Limits
This feature is in beta. Core behavior is stable, but some APIs or configuration may change before general availability.
Technical limits for EdgeBase Authentication.
Tokens & Sessions
| Limit | Default | Configurable | Notes |
|---|---|---|---|
| Access token TTL | 15 minutes | Yes | auth.session.accessTokenTTL |
| Refresh token TTL | 28 days | Yes | auth.session.refreshTokenTTL |
| Max active sessions per user | Unlimited (0) | Yes | auth.session.maxActiveSessions — see Session Management |
| Refresh token rotation grace period | 30 seconds | No | Prevents race conditions in multi-tab scenarios |
| SDK proactive refresh buffer | 30 seconds | No | Refreshes token 30s before expiry |
Email Tokens
| Token Type | TTL | Notes |
|---|---|---|
| Email verification | 24 hours | crypto.randomUUID() generated |
| Password reset | 1 hour | |
| Magic link | 15 minutes | Configurable via auth.magicLink.tokenTTL |
| MFA ticket | 5 minutes | Stored in KV with TTL |
Phone / OTP
| Limit | Value | Notes |
|---|---|---|
| OTP code length | 6 digits | |
| OTP TTL | 5 minutes | |
| Max OTP attempts | 5 per code | Exceeding locks the code |
| OTP rate limit | 5 OTPs / hour per phone number | |
| Phone format | E.164 | ^\+[1-9]\d{6,14}$ |
Password
| Limit | Default | Configurable | Notes |
|---|---|---|---|
| Minimum length | 8 characters | Yes | Via password policy config |
| HIBP check timeout | 3,000 ms | No | Fail-open if API unavailable |
See Password Policy for full configuration options including uppercase, lowercase, digit, special character, and leaked password requirements.
Infrastructure
| Limit | Value | Notes |
|---|---|---|
| D1 read limit | 25B rows / month | AUTH_DB (all auth data) (Workers Paid) |
| D1 write limit | 50M rows / month | AUTH_DB (all auth data) (Workers Paid) |
| D1 storage | 10 GB / database | AUTH_DB (all auth data) (Workers Paid) |
| Anonymous account retention | 30 days | Configurable via auth.anonymousRetentionDays |
| Session cleanup interval | Daily at 03:00 UTC | Cron Trigger-based |
Rate Limiting
| Group | Default | Key | Configurable |
|---|---|---|---|
auth | 30 req / 60s | IP | Yes |
authSignin | 10 req / 60s | Yes | |
authSignup | 10 req / 60s | IP | Yes |
OAuth Providers
| Provider | Auto-Link (email_verified) | Notes |
|---|---|---|
| Yes | Always verified | |
| GitHub | Conditional | Uses only verified primary email; email is null if none available |
| Apple | Yes | Always verified |
| Discord | Conditional | Uses verified field |
| Microsoft | Conditional | Org accounts always verified |
| No | No email_verified field | |
| Kakao | Conditional | Business app config required |
| Naver | No | API does not guarantee |
| X (Twitter) | No | Not provided |
| No | No email returned; no PKCE | |
| Line | No | Not provided |
| Slack | Yes | Email verification required at signup |
| Spotify | No | Not provided |
| Twitch | Conditional | Uses email_verified field |
D1 limits apply only to Cloudflare edge deployments. Docker and Node.js modes use local SQLite with no limits.

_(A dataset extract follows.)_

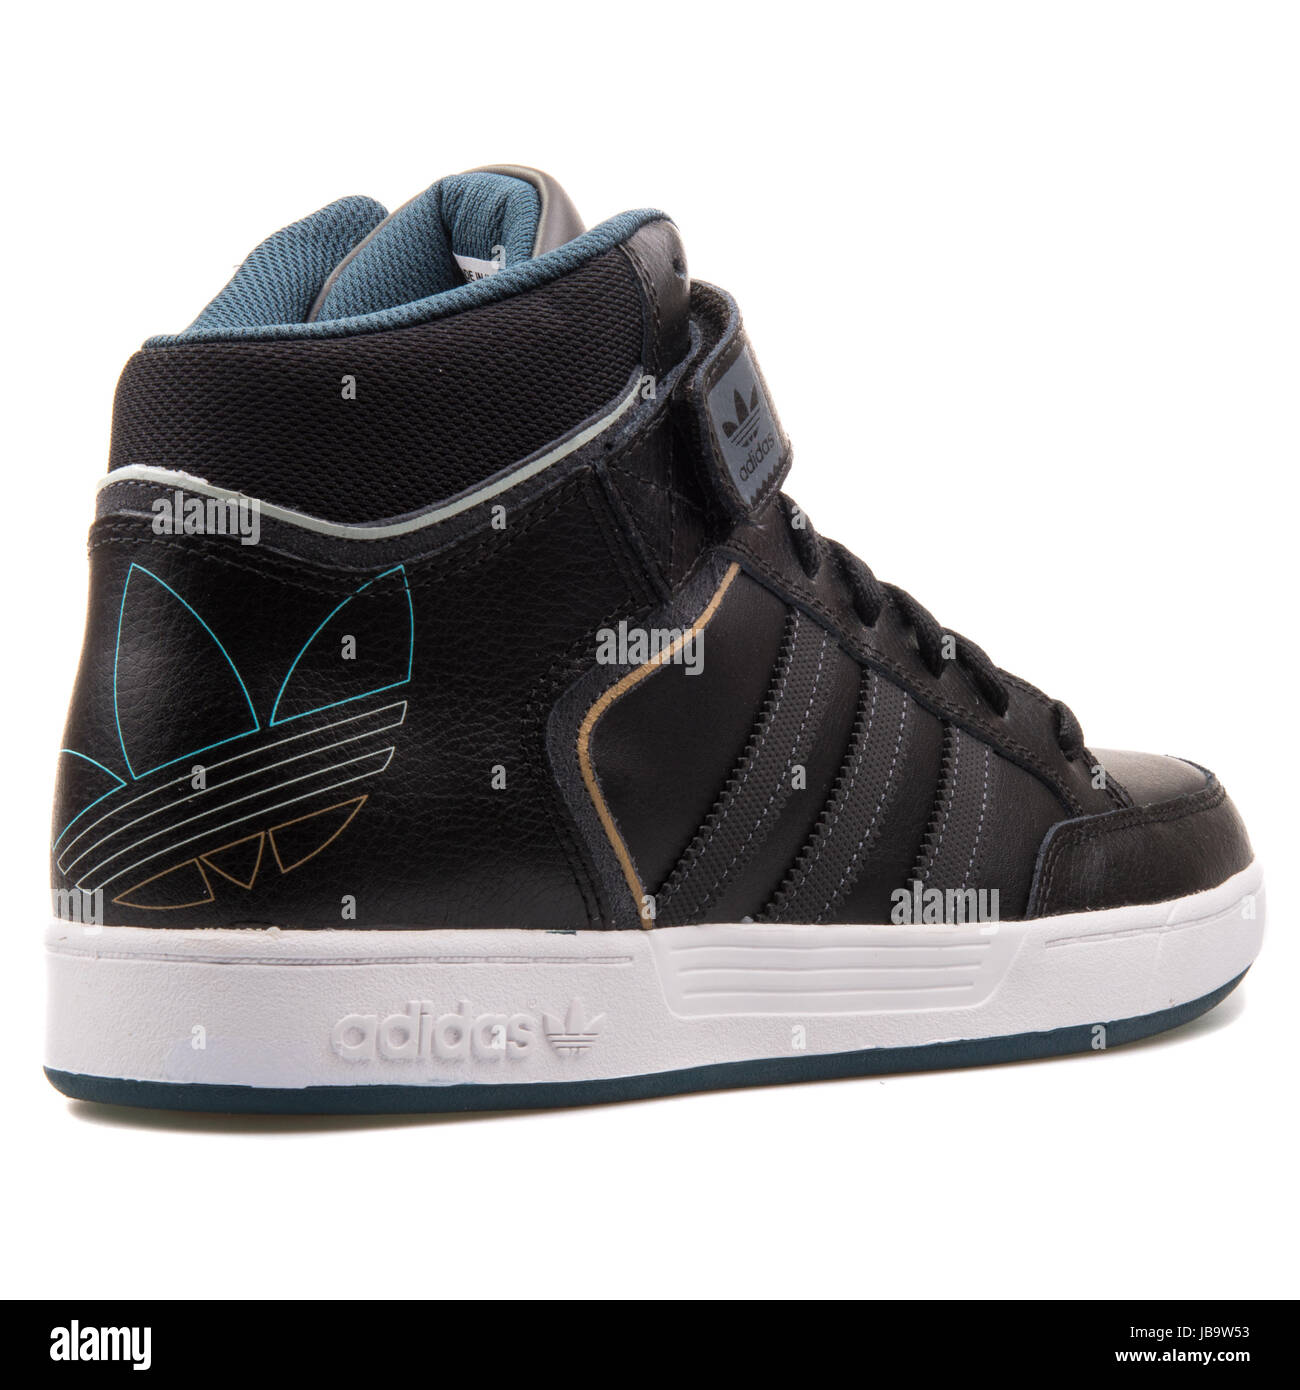 Herren Schuhe Hohe Sneaker adidas Varial Mid Schuhe weiß

If your platform approaches D1 limits, the auth provider can be migrated to PostgreSQL with a single config change (provider: 'postgres') plus a connection-string env key. This removes D1 storage and throughput limits for auth and keeps the SDK surface unchanged. If you use Neon, the CLI helper can provision that env value for you.